Day 4 also saw a marked improvement in the quality of the food offerings at morning tea. I think I ate 5 or 6 of these delectable goodies. I must learn to make them at home.

4/1 - Using Persistent Memory for Fun and Profit by Matthew Wilcox

The title of this talk sounded interesting, but I quickly worked out that there was very little I could gain from this. Persistant memory is memory that retains its state after powering off. Matthew works for Intel and they just so happen to be about to release 3D XPoint DIMMs that do this - however they will be expensive.

Applications must be written to take advantage of persistent memory - hence the need for intel to encourage developers to do so.

I couldn't help the feeling of deja vu with this talk. Persistent memory used to be a common thing: The PDP11 had it with core memory, my MicroBee had it with CMOS memory. We have come full circle.

4/2 - Hardware and Software Architecture of The Machine by Keith Packard

Another vendor talk, this one from Hewlett-Packard. This talk focused on The Machine - which I had never heard of, but apparently a lot of the delegates had.

Much of this talk was dedicated to the challenge of dealing with 320TB of RAm shared amongst several processors. The handle this a new paradigm was developed where memory is addressed in "books" instead of pages stored in "shelves". Memory is made available by the "Librarian".
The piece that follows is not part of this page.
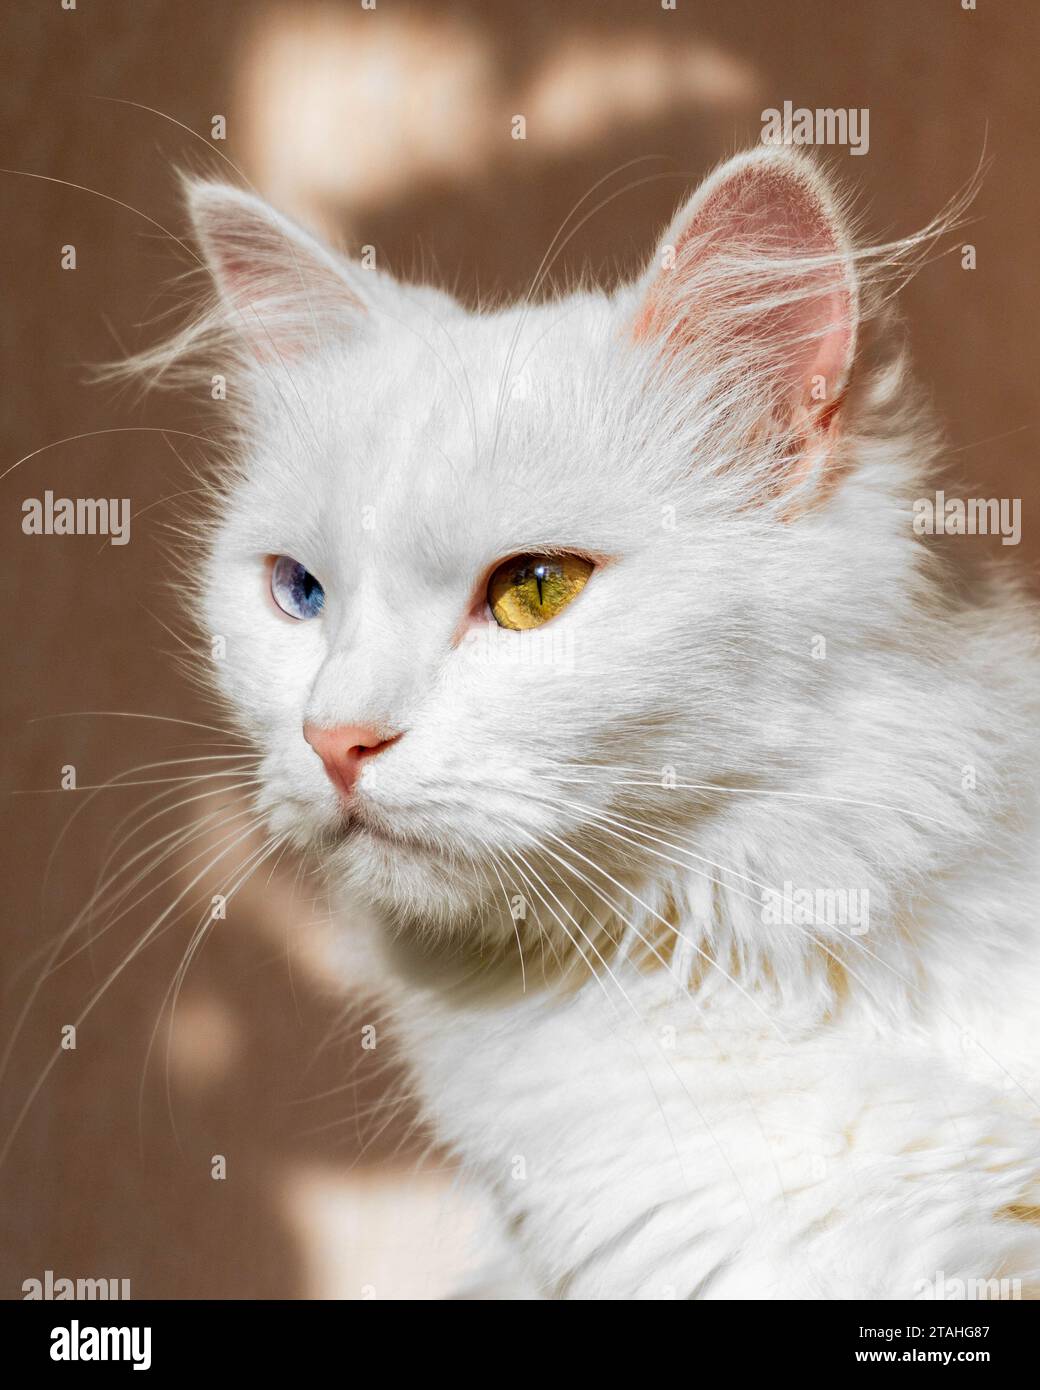 Portrait of a fluffy white Turkish Angora cat with different eyes Stock Photo

In order to support the architecture of the machine, Linux needs to be modded to support:

Fabric attached Memory
File system abstractions
Librarian file system

4/3 - Tutorial: Hunting Linux malware for fun and $flags by Marc-Etienne M.Léveillé

After lunch was a gruelling workshop where each participant was given a virtual machine infected with malware with the instructions to detect and defuse it and see how many 'flags' we could capture. Somehow we were meant to do this while listening to his talk.

These sort of workshops are generally bad for my ego. I like to think I'm pretty good at this sort of stuff, but once you're shoved in a room full of people as good as or better than you, you start to feel like a clueless noob. I eventually captured five flags of the ten available flags but the malware was still persistent on my machine and I had to resort to the cheat notes. This is where I found out that the email sending was made persistent through ssl injection.

I would have liked to have more time to study and understand the mechanisms. This was certainly a valuable tutorial with direct application to the real world.

4/4 - edlib - because one more editor is never enough by Neil Brown

While admitting that the last thing Linux needs is another editor, Neil explained his justification for doing so. He described the deficiencies of current editors from the Model-View-Controller perspective and detailed how his new editor aimed to overcome them. It was enough to make me wish it wasn't in alpha.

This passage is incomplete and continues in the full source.